Nick Moffitt nick@zork.net
Thu Dec 18 13:25:13 PST 2003


begin  Ben Woodard  quotation:
> On Thu, 2003-12-18 at 10:02, Jim Thompson wrote:
> > The Art of Computer Programming, Volumes 1-3, Donald Knuth.
> 
> I think that these are fine books but I'd have to argue with you
> regarding them.  I think it is important for any programmer to have good
> algorithms and data structures experience but these books are not the
> way to get it. Plus they are terribly out of date not necessarily with
> regard to the information that they have but with regards to the place
> that the information has in the wider realm of computer programming.
> 

	I would argue that they have other faaults as well.  They were
written during a time when memory accesses were equivalent to
instruction execution, and before pipelining created elaborate cache
hierarchies within a CPU.  Knuth is only *now* re-writing them for
RISC, which was So Over by 1998 that it's kind of embarassing.

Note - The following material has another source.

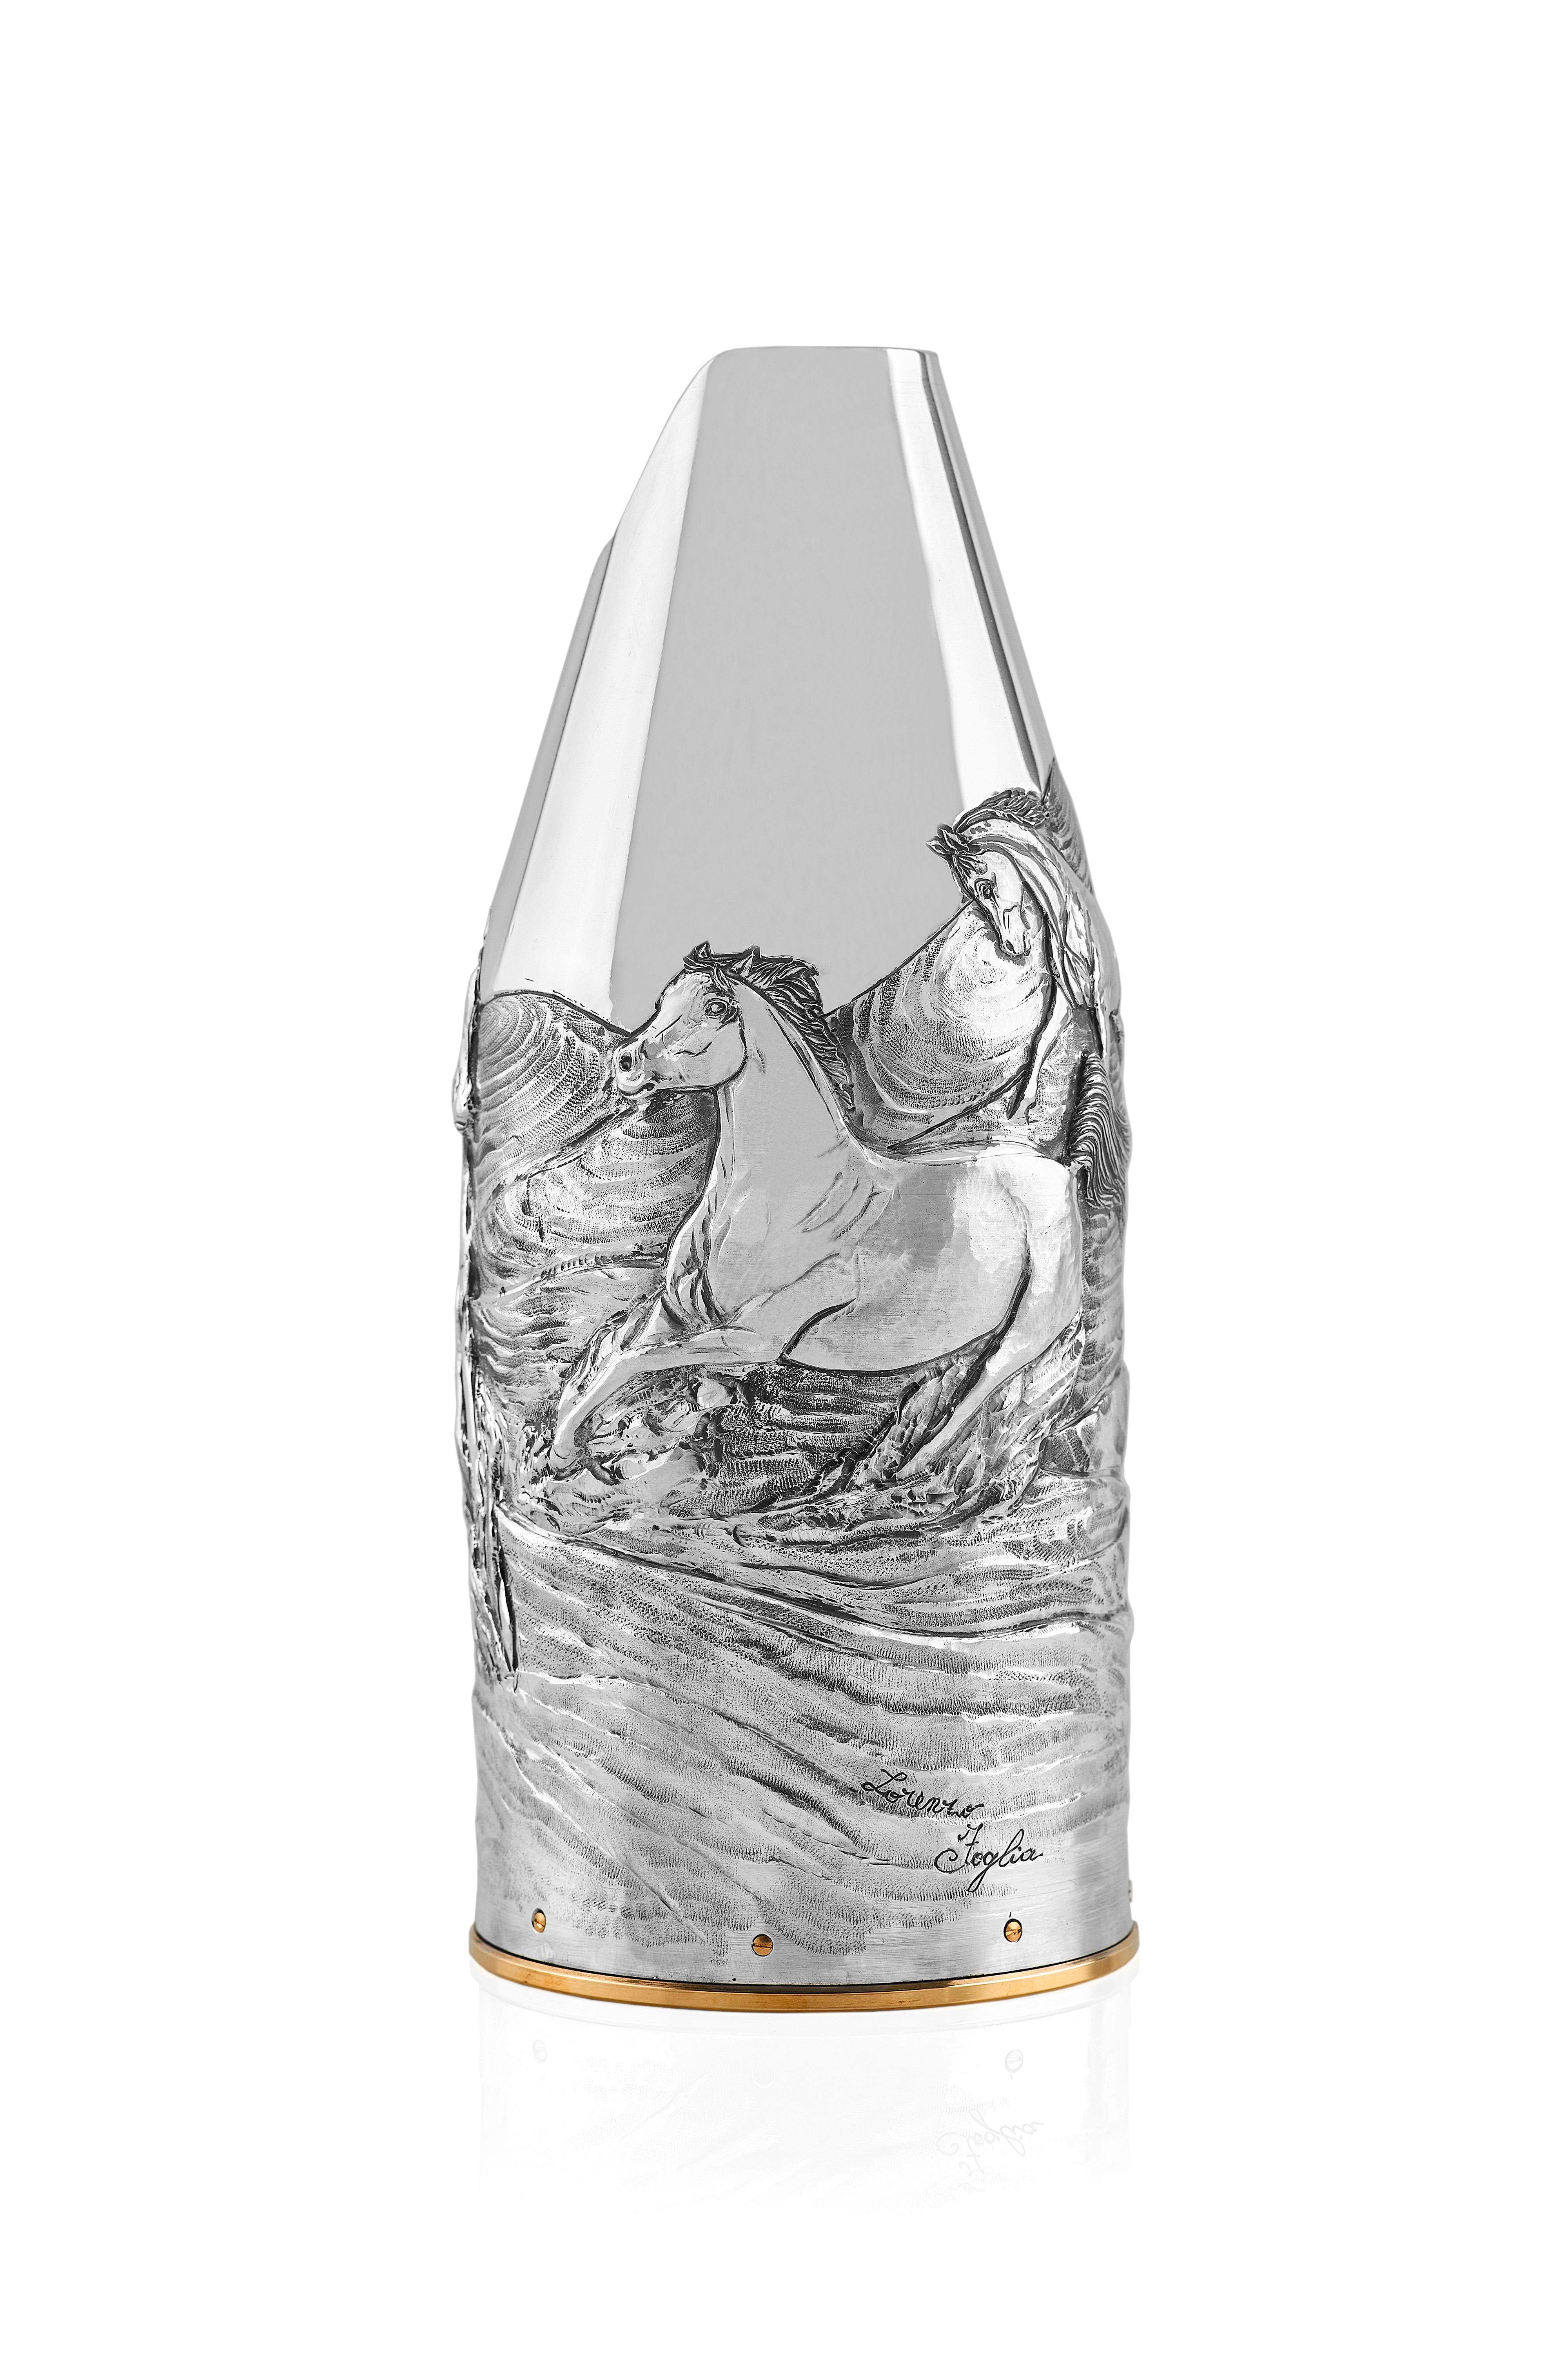  Champagne K-over Spirit, argento 999/°°, Italia For Sale 1

	They're like good heavy leather-bound legal books: they look
impressive on your bookshelf.  

> I think that the day has passed when we want people doing their own
> implementation of X,Y, or Z data structure or algorithm. I think for
> maintainability sake, and to foster faster code development we
> should be strongly suggesting to the underlings that they use
> already extant libraries like glib with reasonably bug free and
> optimized versions of many of the fundamental building blocks. 

	And of course, this is precisely why even if they were
up-to-date, they'd be useless.  Let the GNU project write the Best
Posisble Qsort or Incremental Search algorithms.  Pull your random
numbers from /dev/ass*, and don't bother re-inventing the wheel.

	You can learn more from SICP than you can from Knuth.  

*: http://zork.net/~nick/mail/dev-ass

-- 
"Forget the damned motor car and build cities for lovers and friends."